Thursday, August 9, 2012

Be Still my Heart, or at least, Be Quiet, My Brain

Every year, we pick a spiritual theme and this year, it is "Be Still and Know that I am."  You would think this would lead to an obvious pilgrimage to visit the Blessed Sacrament. I won't deny I'd fully intended that this be a weekly regimen. 

Then life happened.  And we got to August and I'd not made it to adoration once.  "How can you know I am if you will never ever be still?"  I could hear God smiling, bemused at my frantic attempt to get through the laundry, the chores of the day, helping with math, solving fights, running errands.  Here I was flailing away and feeling like less and less was getting done, less and less was mattering, and much of what I did do, was without a sense of peace that I thought would come from the Rosary, from serving my family, from trying to do what I ought, rather than what I wanted.  I had to ask, did I really want it if I put it off so much? 

But the opportunity kept quietly insisting that I consider it, like a wound that needs tending.  It pulsed. 
I drove by where there was 24/7 adoration.   It kept reminding me.  Every time I went out. 

My writing started drying up.  Everything felt stale.  My prayer life felt rather like a diet that wasn't working. I was eating right, exercising, not losing weight.  What more do you want God? I asked. 
And I knew.  You can keep beating your head against a spiritual wall, or you can go. 

So today, after dropping off my oldest at his job, I told myself, give yourself 20 minutes.  Immediately, my brain came up with three different other tasks that needed to be done.  I shunted them aside. My brain suggested I go back home and help with the math, get the kids and take them berry picking, clear out the computer room, plan our anniversary...after all, didn't I say a daily rosary? Didn't I read the Magnificat?  Wasn't my prayer life already full?  How was it going to make any difference? 

I drove through the parking lot the wrong way (as if that isn't symbolic enough).  I parked. I called home to check on my two teens that were serving breakfast.  All was quiet.  I'd run out of excuses. 

I'd love to tell you I had this great spiritual awakening, but it was more like a, "What took you so long?" moment.  And I cried and prayed for all my family and wondered why it had taken so much, why it had been such a struggle, to simply come and sit?   There was a temptation to say the rosary, but I didn't want to be busy before God, so I refused my desire to get some of my to do list done.
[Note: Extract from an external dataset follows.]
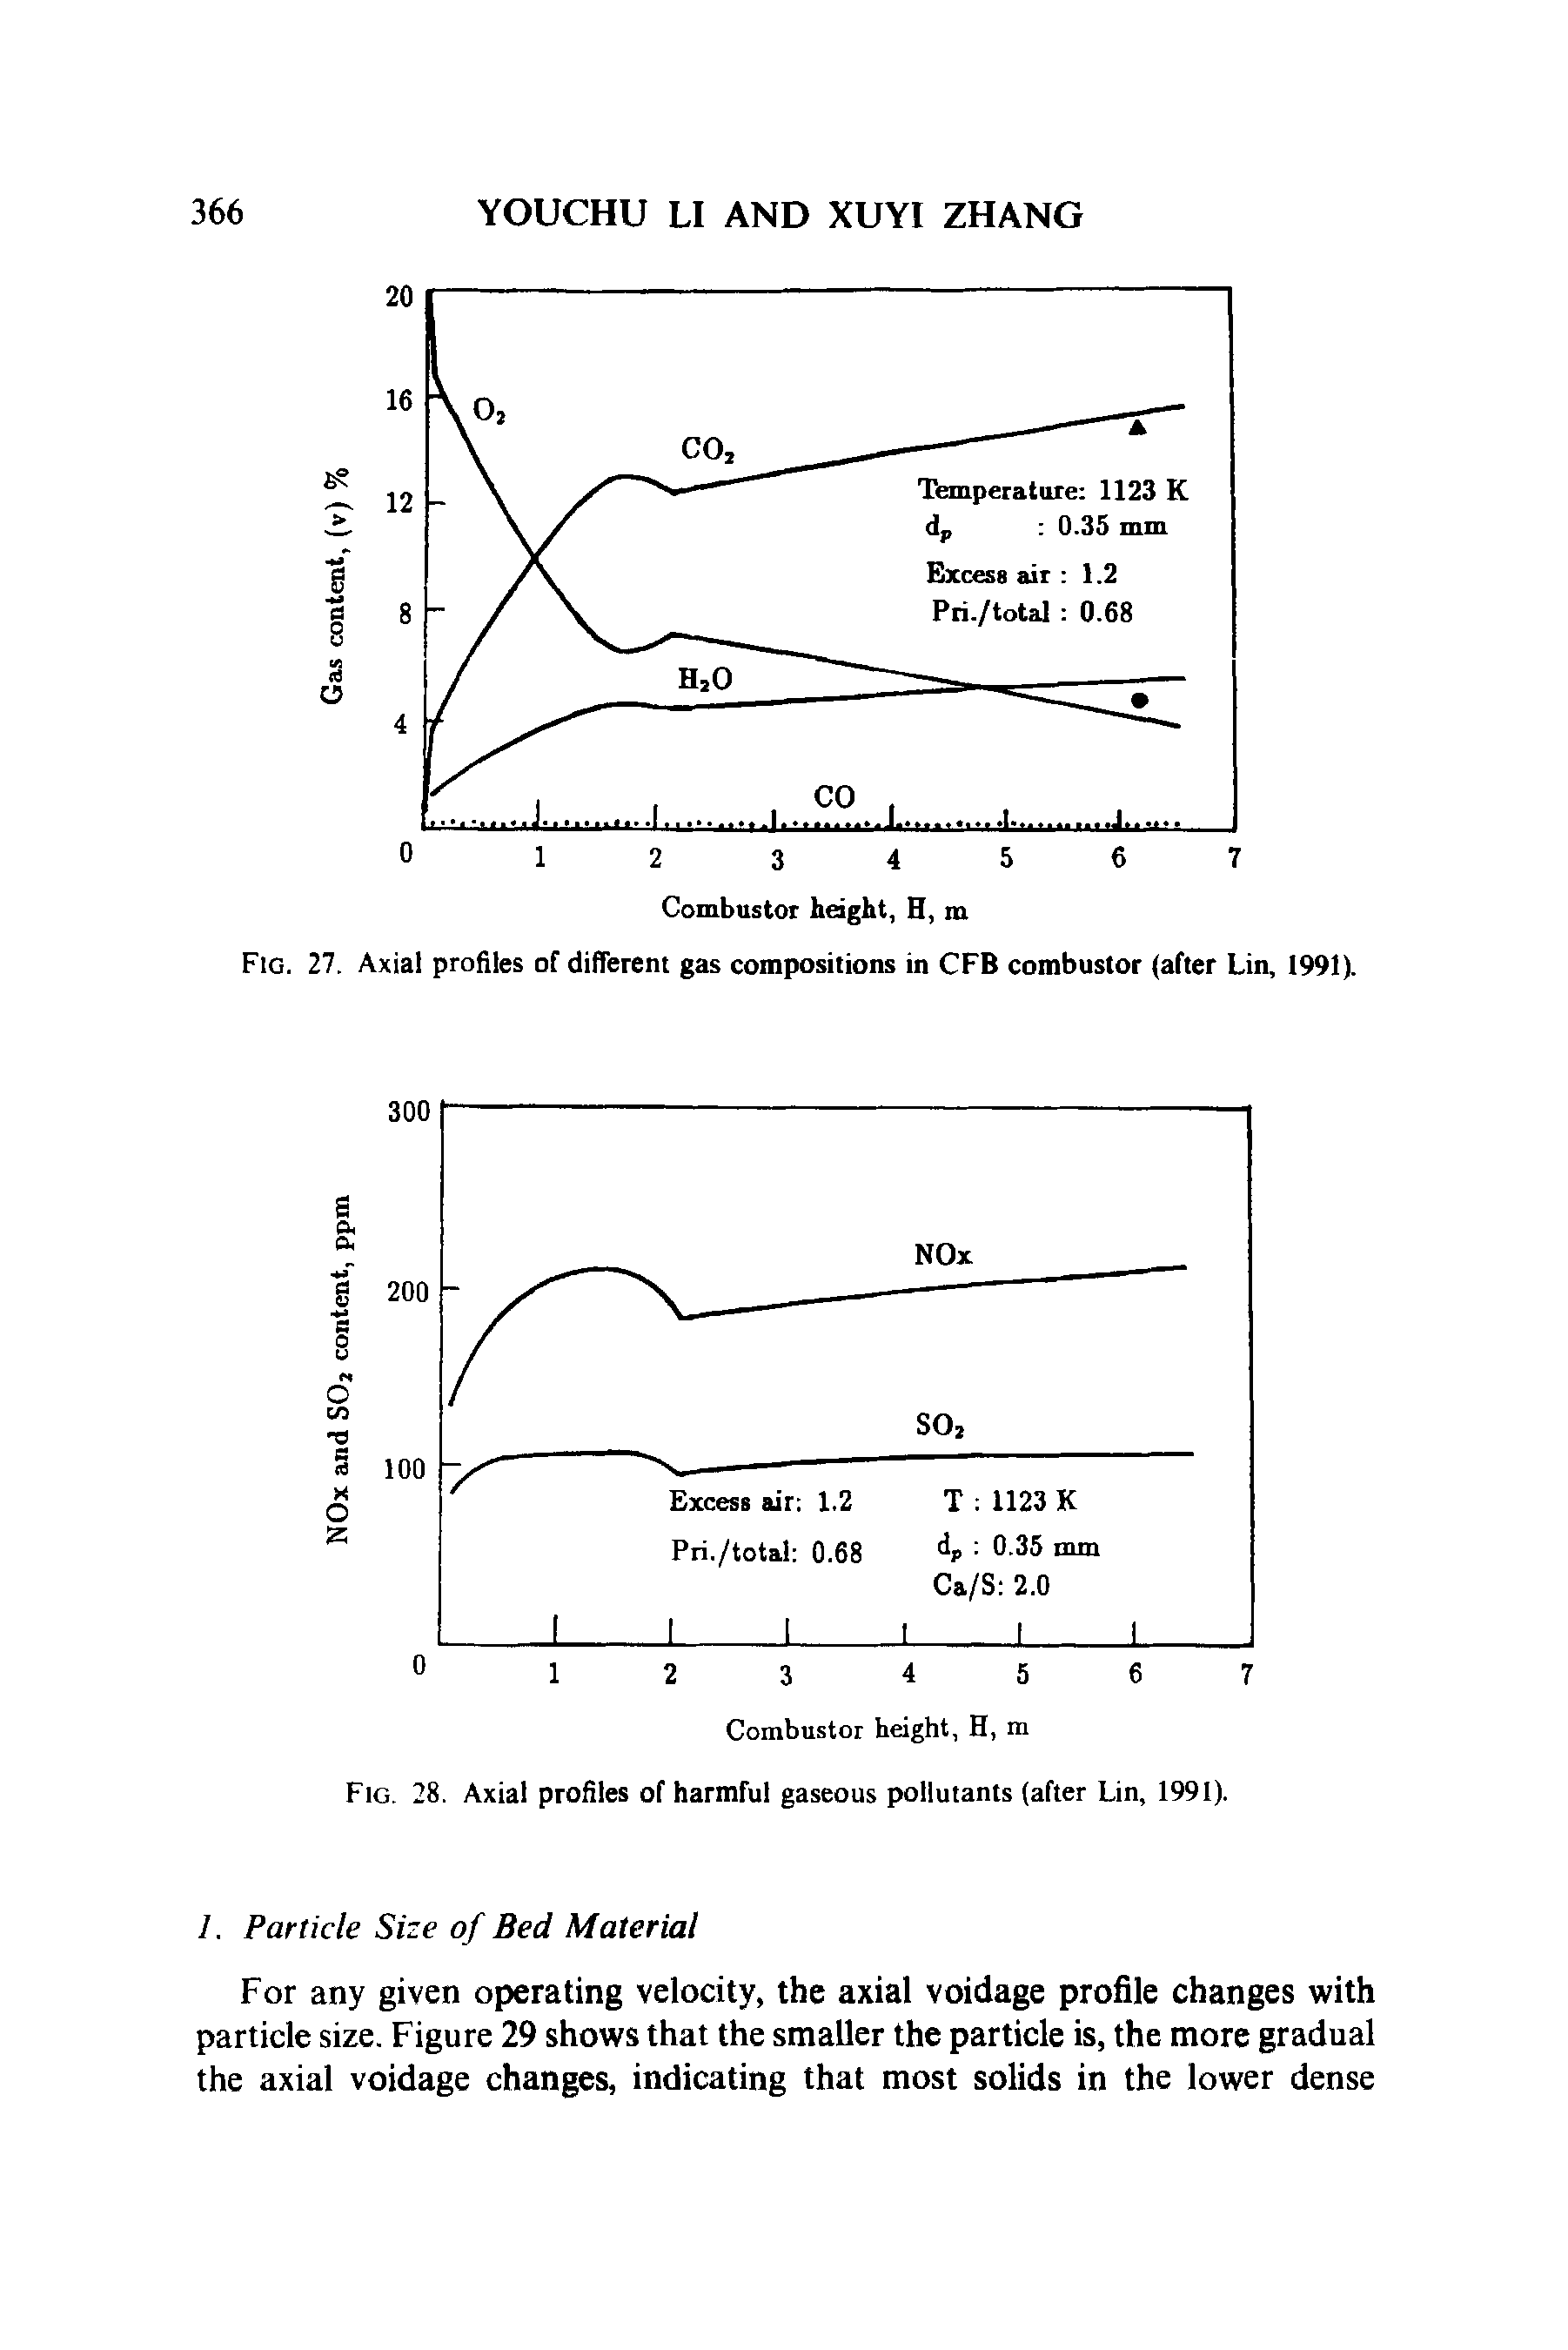 Fig. 27. Axial profiles of different gas compositions in CFB combustor (after Lin, 1991).

This was be still and know time, not rosary time.   Sitting before our Lord, I felt bothered that I'd been so bothered, troubled that I'd considered coming such trouble.  All I could mutter was a "I'm sorry, I've been away."  and over and over again, "Jesus, I love you." It was a warm calm place to be, the very opposite of much of my life with the twists and turns that ten different personalities can generate.